Management of abnormal Pap screening results in the absence of an HPV test is well established. Women with atypical cells of undetermined significance (ASC-US) Pap results are asked to return for repeat screening in one year, while women with low-grade squamous intraepithelial lesion (LSIL) or worse Pap results are referred to immediate colposcopy [22]. We fitted the logistic-Weibull model to KPNC data and compared the cumulative risk curves for these groups of women to women with HPV-positive/Pap-negative cotesting results (Figure 2). For HPV-positive/Pap-negative women, the estimated baseline CIN3+ risk of 1.87% (95% CI: 1.59-2.19%) was lower than the 1.99% (95% CI: 1.24-3.17%) baseline CIN3+ risk estimated for women with ASC-US Pap results and much lower than the 3.87% (95% CI: 3.49-4.29%) baseline CIN3+ risk estimated for women with LSIL Pap results. Applying an equal management of equal risk principle [8], the baseline CIN3+ risk estimates suggest that women with HPV-positive/Pap-negative cotesting results should not be referred to immediate colposcopy.

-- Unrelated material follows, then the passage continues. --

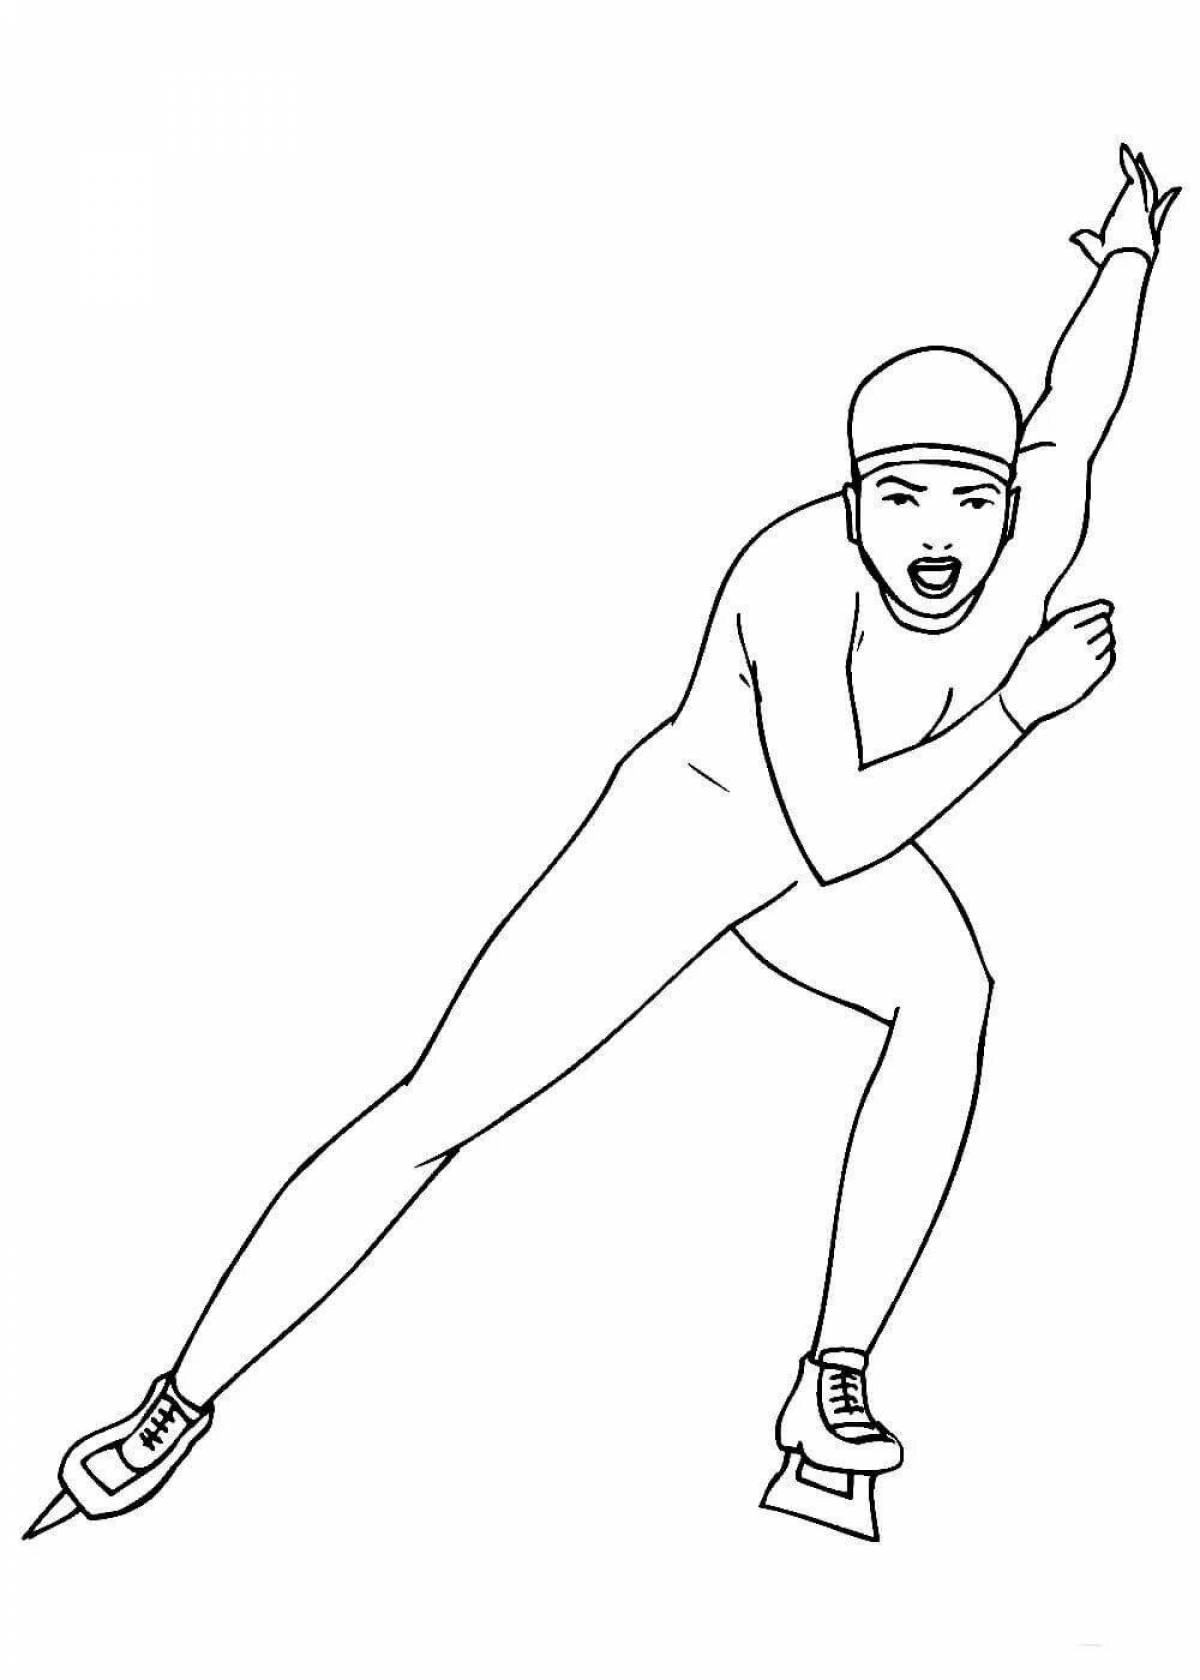 Coloring book exquisite skating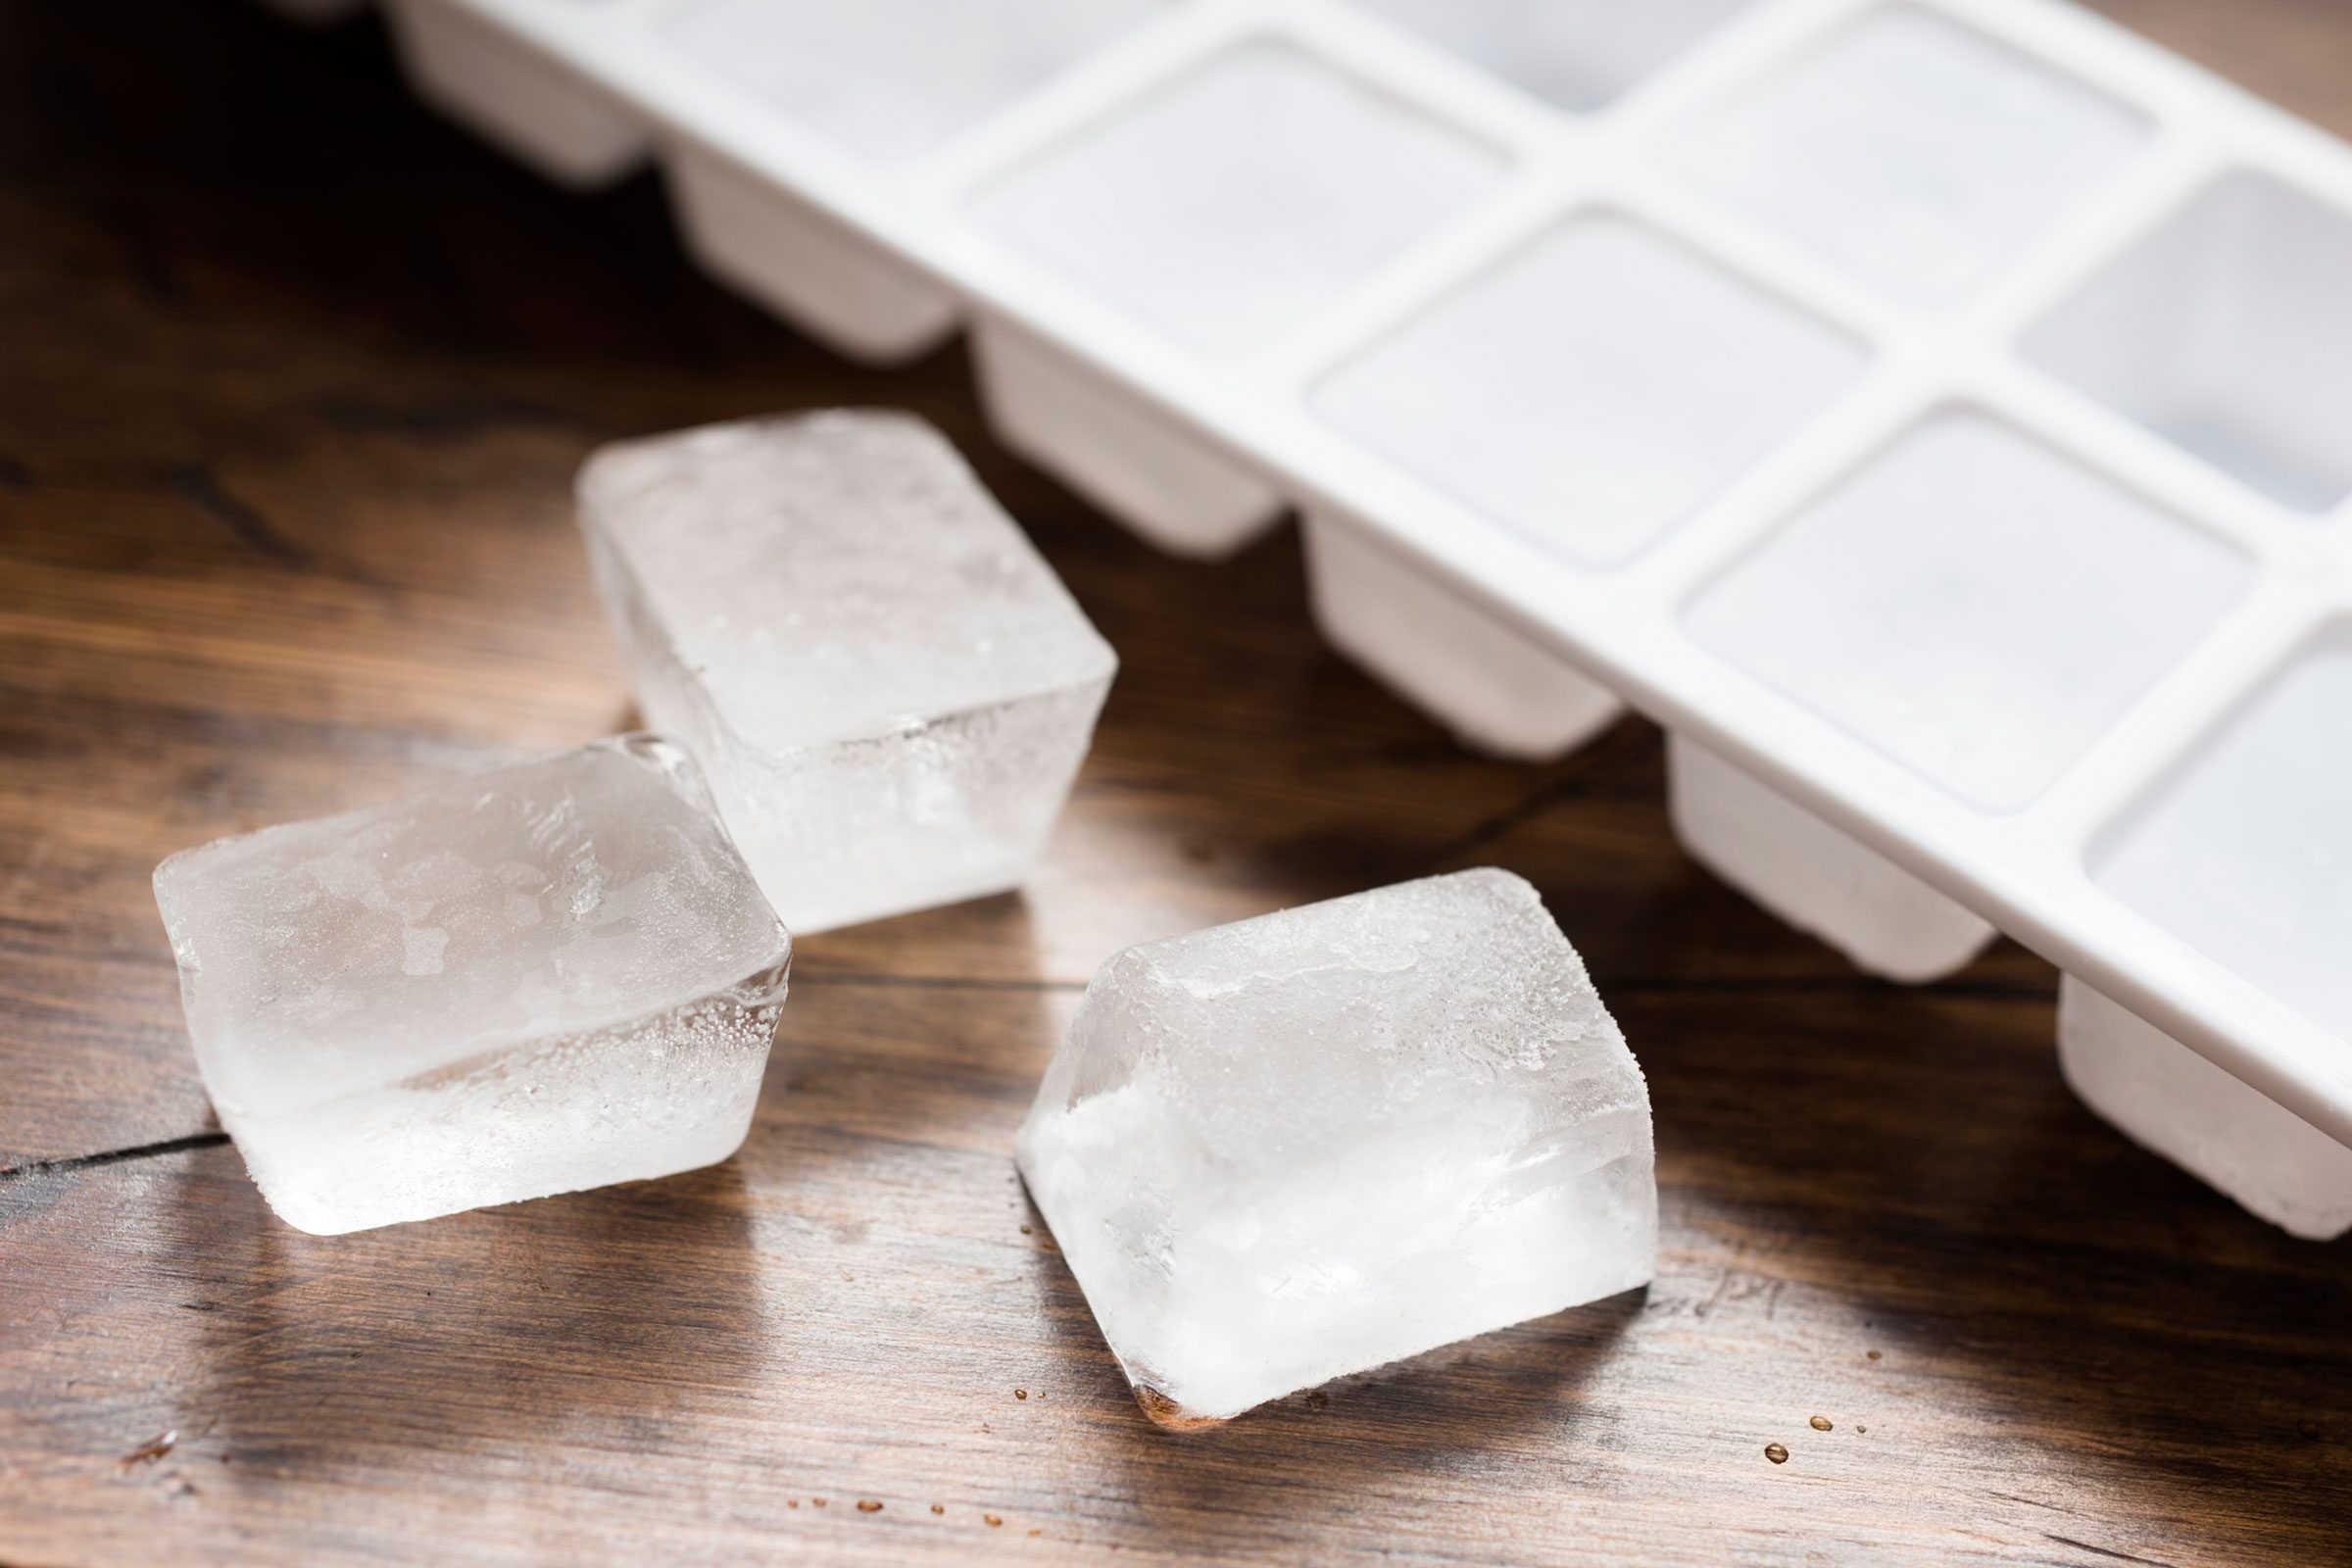 9 Weird Ice Cube Molds That Will Make Your Friends Laugh

Figure 2. Comparing CIN3+ Cumulative Risk for HPV+/Pap- to that of ASC - US and LSIL Pap.

Figure 2

Curves showing the % cumulative risk of cervical intraepithelial neoplasia grade 3 and cancer (CIN3+) following (1) HPV-positive/Pap-negative cotesing results, (2) Pap result of atypical cells of undetermined significance (ASC-US), and (3) Pap result of low-grade squamous intraepithelial lesion (LSIL).

The 1-year CIN3+ risk among women with HPV-positive/Pap-negative results (2.56%, 95% CI: 2.36-2.78%) was similar to the 1-year CIN3+ risk among women with ASC-US Pap results (2.50%, 95% CI: 1.97-3.17%). However, the hazards of incident CIN3+ was greater among women with HPV-positive/Pap-negative cotesting results than women with ASC-US Pap results, so that at 5 years, the cumulative risks of CIN3+ were 4.81% (95% CI: 4.53-5.11%) and 3.37% (95% CI: 2.84-4.00%) for women with HPV-positive/Pap-negative and ASC-US Pap results, respectively. These risk estimates suggest that women with HPV-positive/Pap-negative results, like women with ASC-US Pap results, should return for a repeat cotesting screen in one year. However, for HPV-positive/Pap-negative results, clinicians will need to be especially cautious that women do not skip their return visits.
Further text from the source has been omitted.